Brain Working Overtime

That doesn’t mean that what it’s working on is at all useful.

Listened to this Monday.

My response to Reason was as follows:


I absolutely appreciate the mention of USDS and what Musk wants to do with it.

One of my friends from college worked for USDS’s predecessor, 18F, after he’d decided he didn’t want to go back to Google following an extraordinary amount of work on what’d become G+.

One of the movers behind USDS is Jennifer Pahlka. She wrote a pretty good book about what she did there. Her Substack is “Eating Policy.

Consuming that recently has been frustrating. She, and the sort of people who work at USDS, believe government’s inability to deliver services or fix problems is government service delivery problems.

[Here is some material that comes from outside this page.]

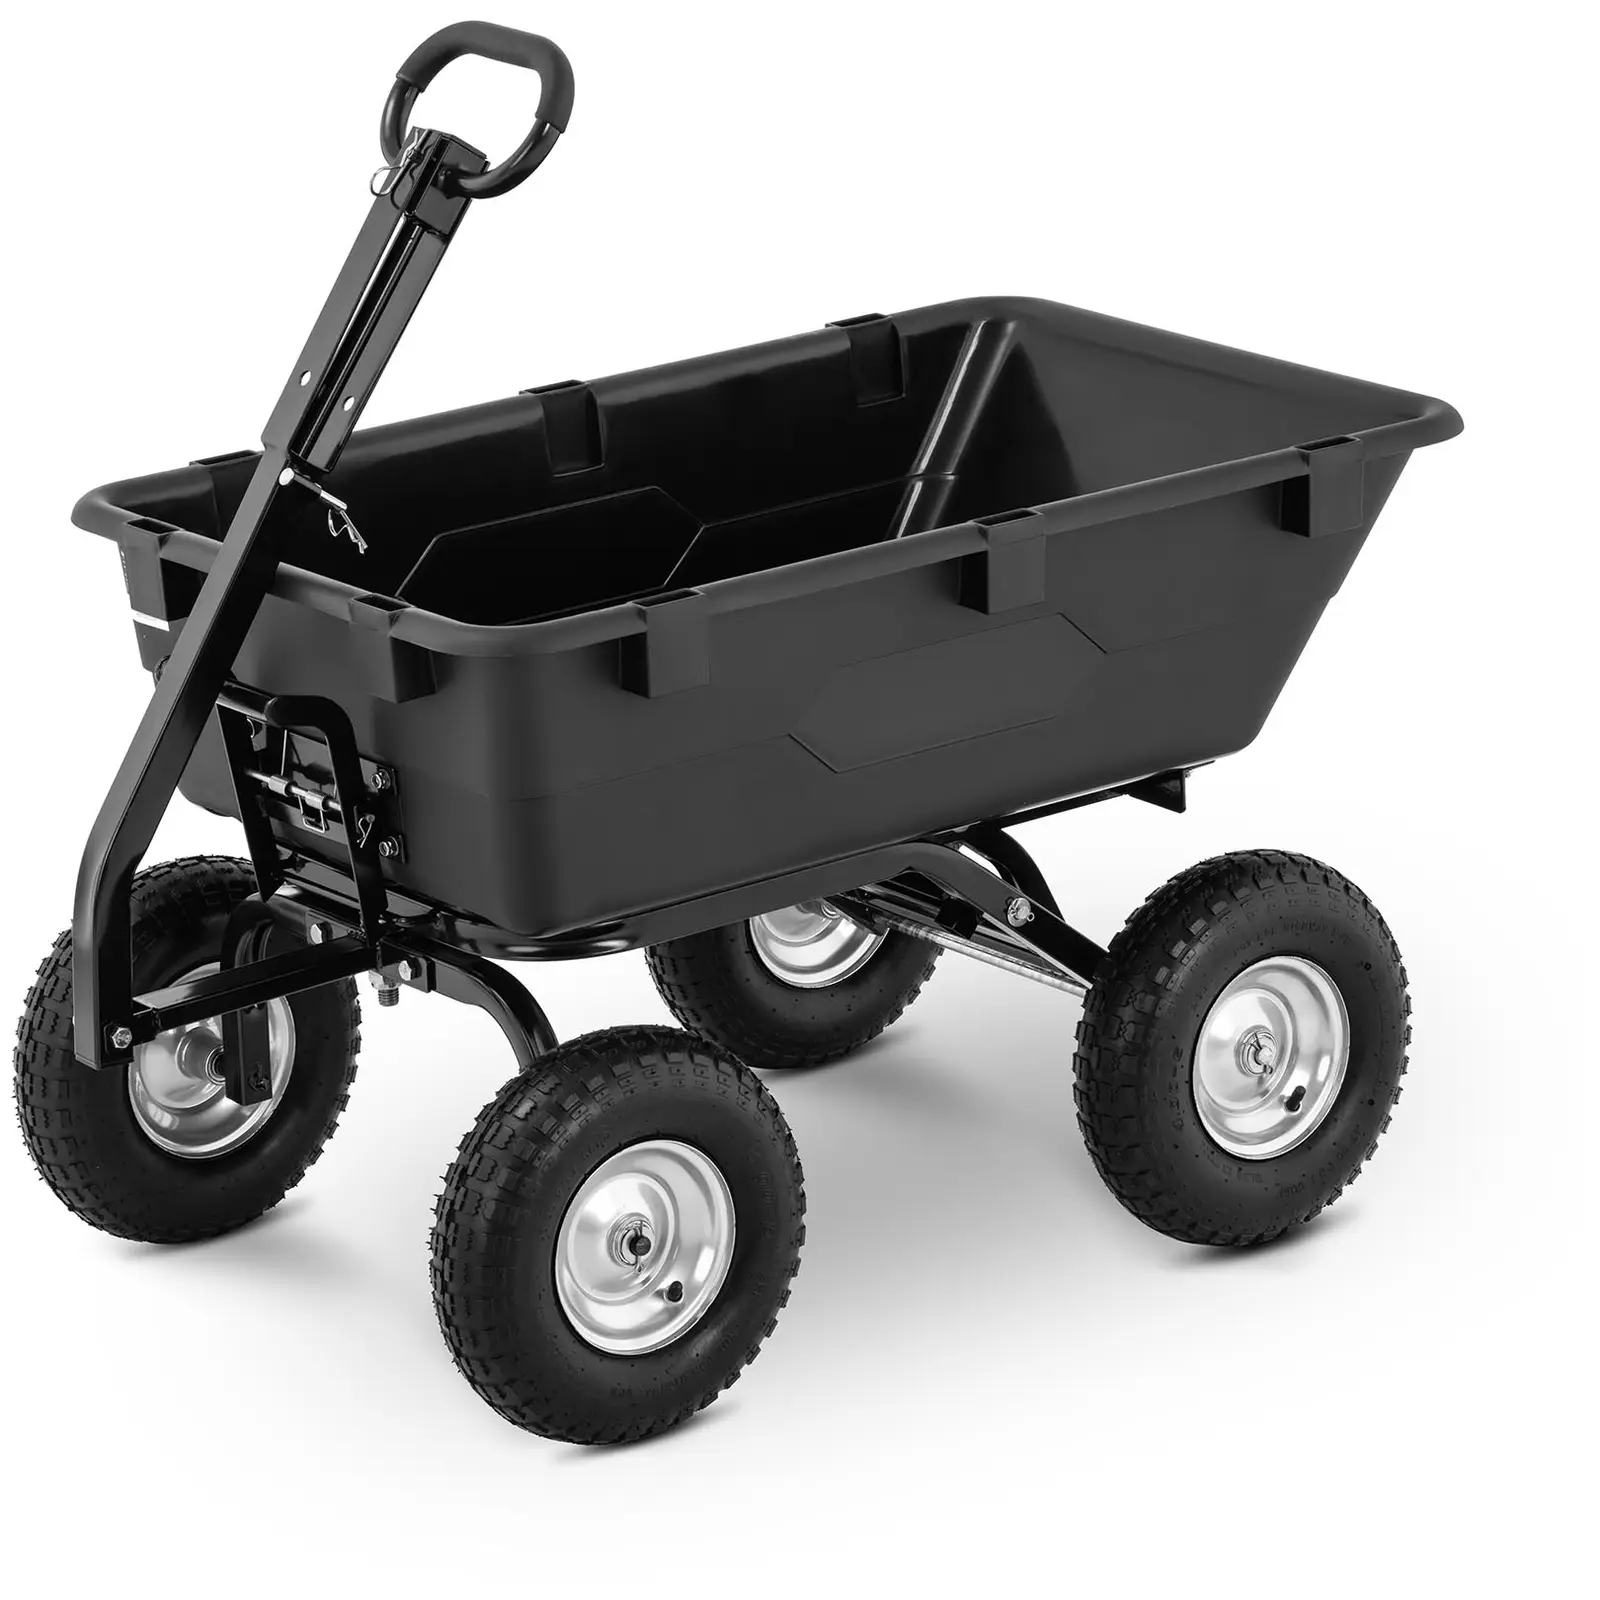 Zahradní vozík - 550 kg - sklápěcí - 150 l

I worry that Elon thinks that that’s the problem, too. (Jennifer also is big on thinking that government can solve the coming climate apocalypse…)

I mentioned my college friend who worked there; I was the awkward guy on campus campaigning for Harry Browne.

Government Doesn’t Work.

Elon’s reinforces that with his space efforts. So, too, has Space Cowboy Jeff (Bezos).

Agree with Vivek’s concerns about debt and spending, but I’m not sure, like SS/Medicare, that anybody has any real idea what to do about it.


A significant part of what 18F/USDS was doing was in reaction to the failed rollout of healthcare.gov.

The botched rollout of healthcare.gov was really just a point of mild interest when it was going on.

I’m not going to fully revisit my travails with healthcare from 2013-2017ish, but I will say that the big issues with healthcare.gov was that the Exchange plans I paid for with after-tax dollars were very expensive, and would have to be better to suck.

The private plan I had in 2014 was okay, but couldn’t be sold for 2014. The most-expensive Exchange plant we had for 2015, and it would have had to improve to suck. None of the specialists I’d been seeing accepted it, with a few asking if it was a Medicaid plan. Uh, no, I’m paying something like $750/mo. for this.

I do credit Biogen in helping me find plans for 2015-2017 that covered a lot of my care, but it didn’t change the fact that I was still paying north of $500/mo for myself and my undergrad wife. After about my fourth Tysabri dose of year, I’d met all my deductibles for the year.

But I was still paying something north of $500/mo..

So, while the rollout for healthcare.gov wasn’t done well, the fact that the service it was providing sucked doesn’t change.

I don’t know that there’s a good way to fix any of that.

Part of what they were discussing during the Reason show was that there’s a lot of emphasis on really extending work from USDS, but it doesn’t change the fact that government just doesn’t work. You can do an incredible amount of work expanding service delivery, but if the service isn’t good, does it matter?